The appeal from the intermediate order must be dismissed because the right of direct appeal therefrom terminated with the entry of judgment in the action (see Matter of Aho, 39 N.Y.2d 241, 248). The issues raised on the appeal from the order are brought up for review and have been considered on the appeal from the judgment (see CPLR 5501[a][1]).

"Before granting a motion pursuant to CPLR 4404(a) to set aside a verdict and for judgment as a matter of law, the trial court must conclude that there is simply no valid line of reasoning and permissible inferences which could possibly lead rational [people] to the conclusion reached by the jury on the basis of the evidence at trial" (Michael H. Spector, AIA, P.C. v Billy Smith's Sport Ctr., Inc., 95 A.D.3d 967, 967 [internal quotation marks omitted]; see Cohen v Hallmark Cards, 45 N.Y.2d 493, 499). Here, there is no valid line of reasoning or permissible inferences that could lead a rational person to the conclusion reached by the jury with respect to the cause of action alleging fraud. "The elements of a cause of action for fraud require a material misrepresentation of a fact, knowledge of its falsity, an intent to induce reliance, justifiable reliance by the plaintiff and damages" (Eurycleia Partners, LP v Seward & Kissel, LLP, 12 N.Y.3d 553, 559). Contrary to the contention of the defendant Geeta Shukla, the record contains proof of scienter (see Brown v Lockwood, 76 A.D.2d 721, 731-732). However, having admitted at trial that he failed to read a document that would have alerted him to a major discrepancy between the oral and written representations made to him, the plaintiff failed to establish the element of justifiable reliance (see Shalam v KPMG LLP, 89 A.D.3d 155, 159; Maines Paper & Food Serv. v Adel, 256 A.D.2d 760, 761-762; 88 Blue Corp. v Reiss Plaza Assoc., 183 A.D.2d 662, 664; see also Lewin Chevrolet-Geo-Oldsmobile v Bender, 225 A.D.2d 916, 918). Accordingly, the Supreme Court erred in denying that branch of Geeta Shukla's motion which was to set aside the verdict and for judgment as a matter of law with respect to the fraud cause of action (see Giurdanella v Giurdanella, 226 A.D.2d 342, 343).

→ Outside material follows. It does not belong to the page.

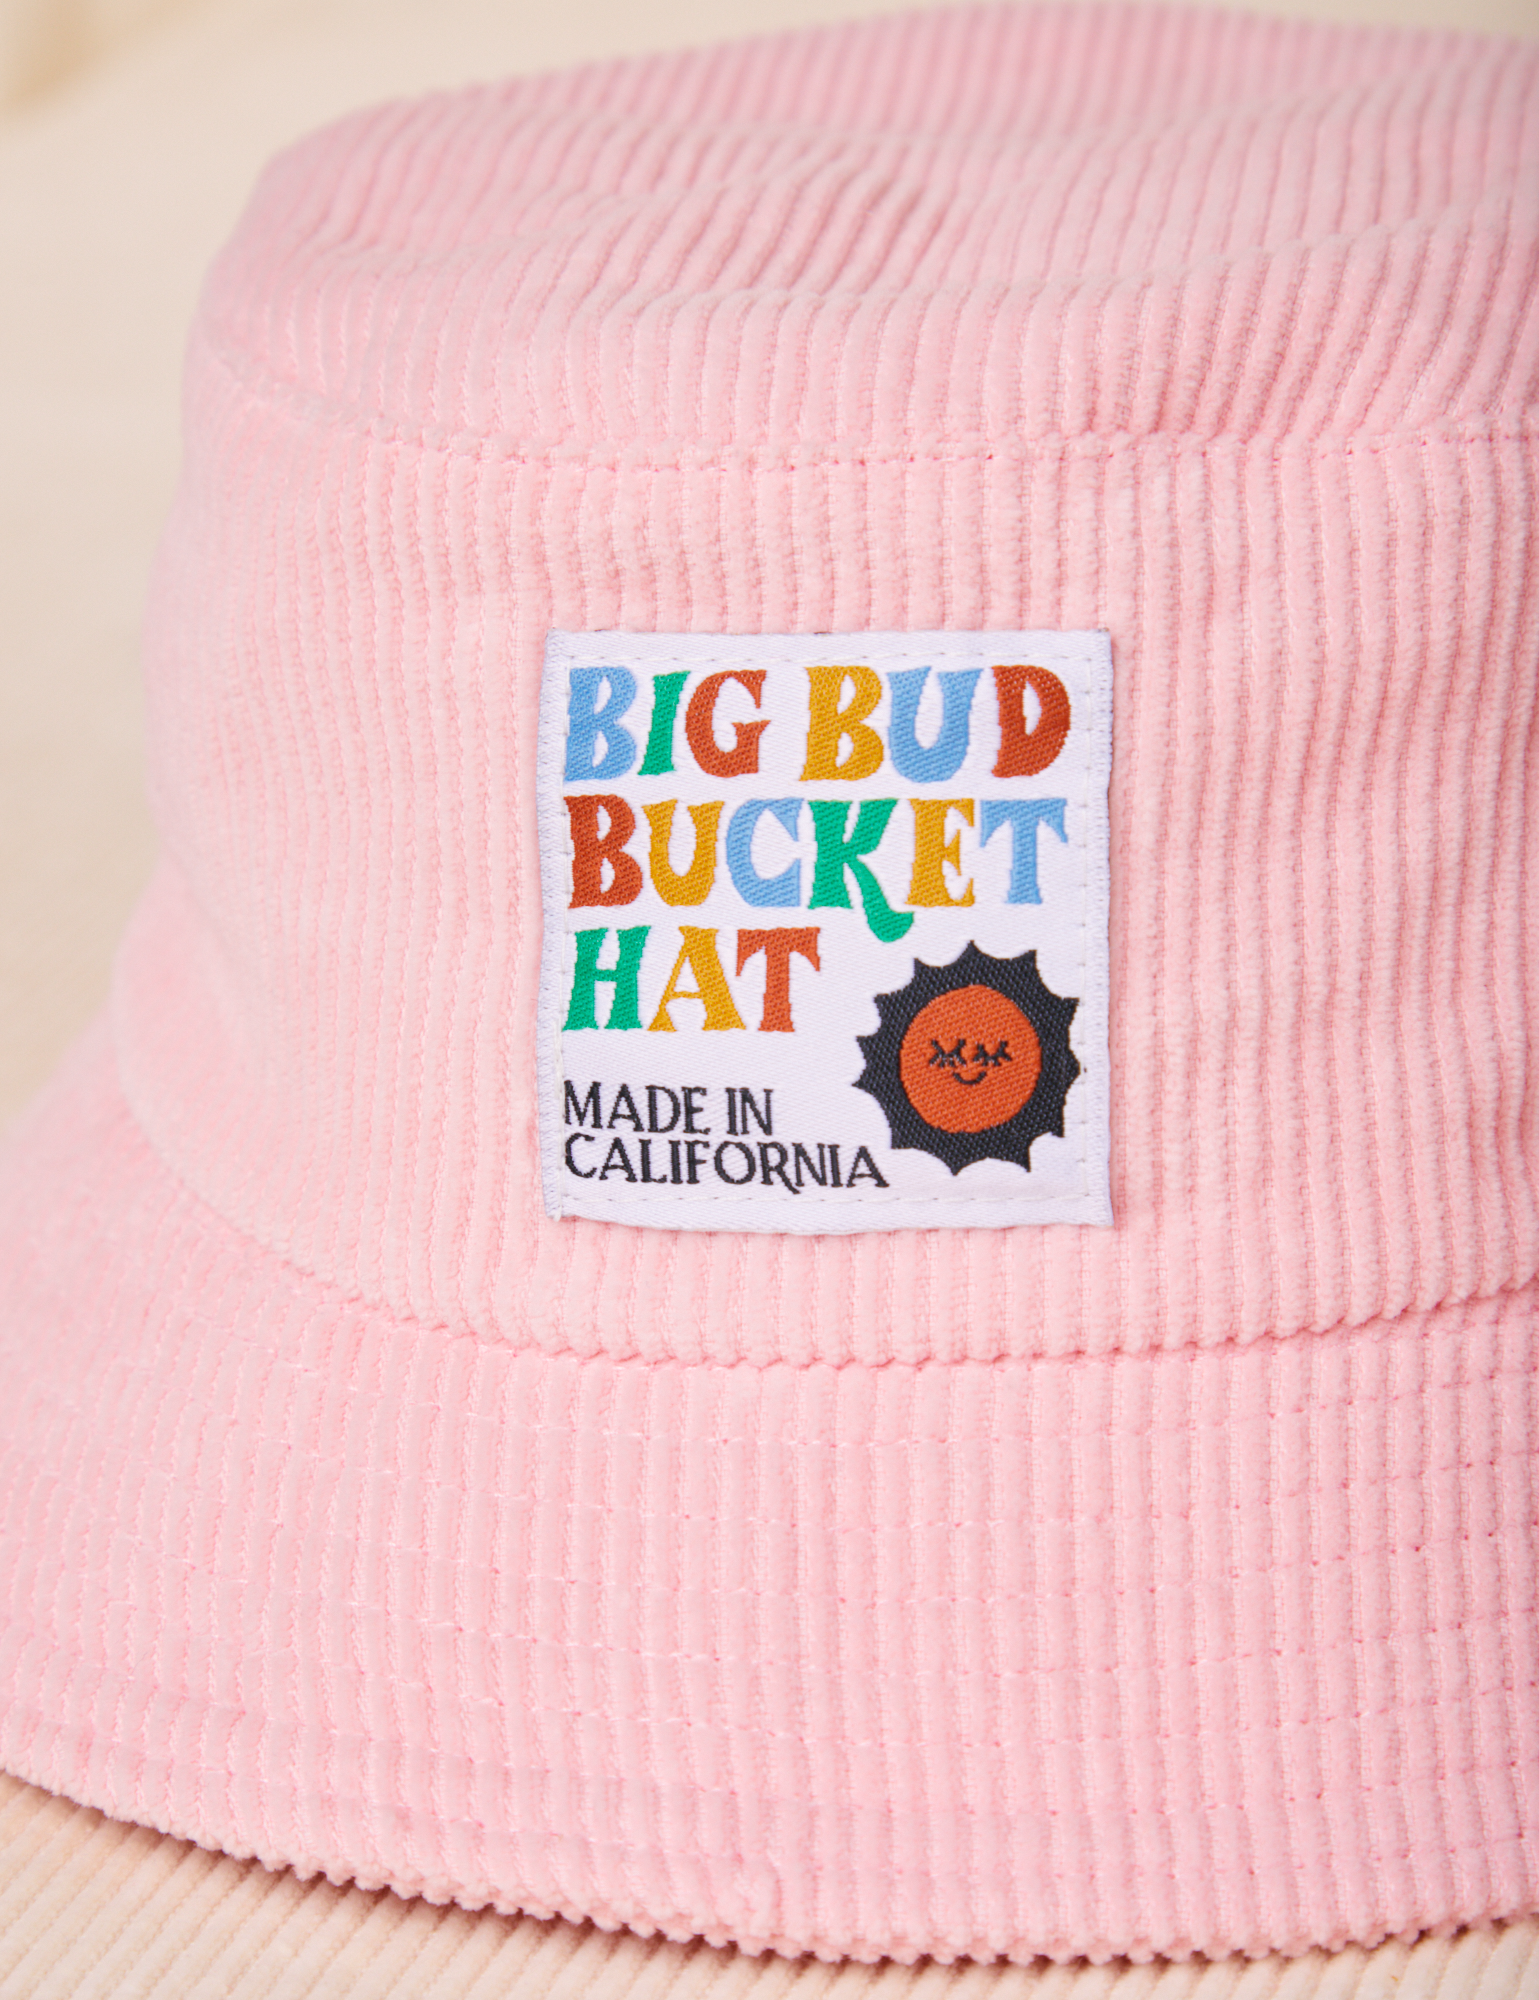 Big Bud – BIG PRESS BUD Hat Bucket
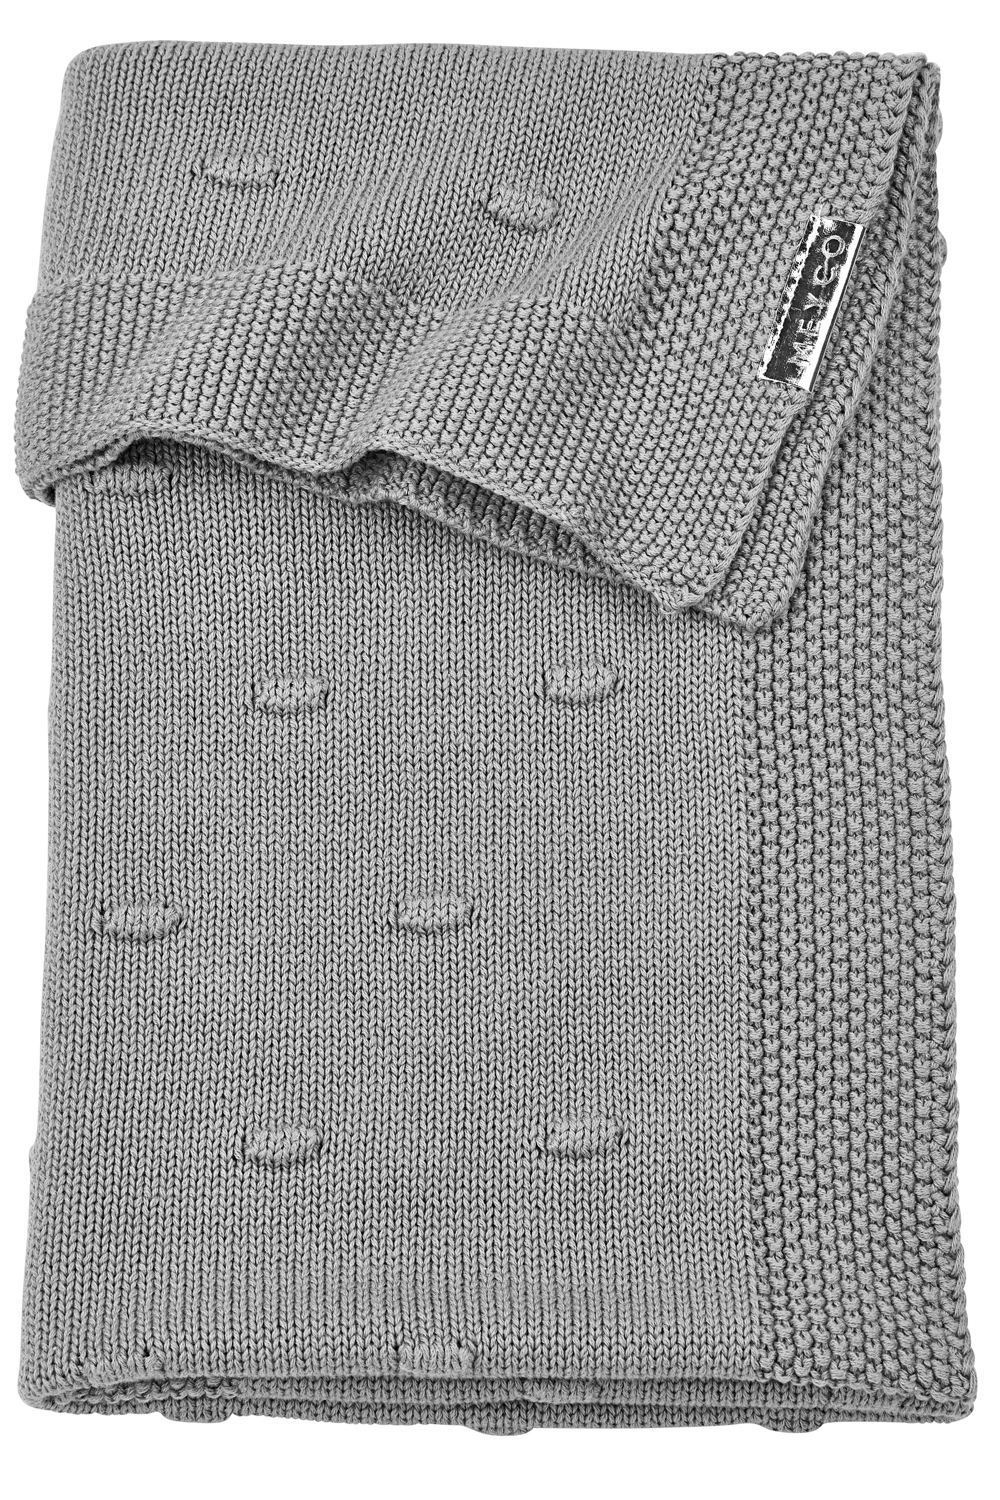 Cot bed blanket Knots - grey - 100x150cm

The Supreme Court properly denied that branch of Geeta Shukla's motion which was to set aside the verdict and for judgment as a matter of law on the cause of action alleging unjust enrichment. The evidence presented at trial demonstrated that Geeta Shukla was enriched at the plaintiff's expense, and that it would be against equity and good conscience to permit her to retain this benefit without compensating the plaintiff (see Michael H. Spector, AIA, P.C. v Billy Smith's Sport Ctr., Inc., 95 A.D.3d at 968). Geeta Shukla's contention that the plaintiff is precluded from recovering based on an unjust enrichment theory because a contract governs the relevant subject matter is unpreserved for appellate review (see Myers v Schaffer Grocery Corp., 281 A.D.2d 156, 157).

In light of our determination, we need not address Geeta Shukla's remaining contention with respect to the fraud cause of action.

SKELOS, J.P., LOTT, COHEN and HINDS-RADIX, JJ., concur.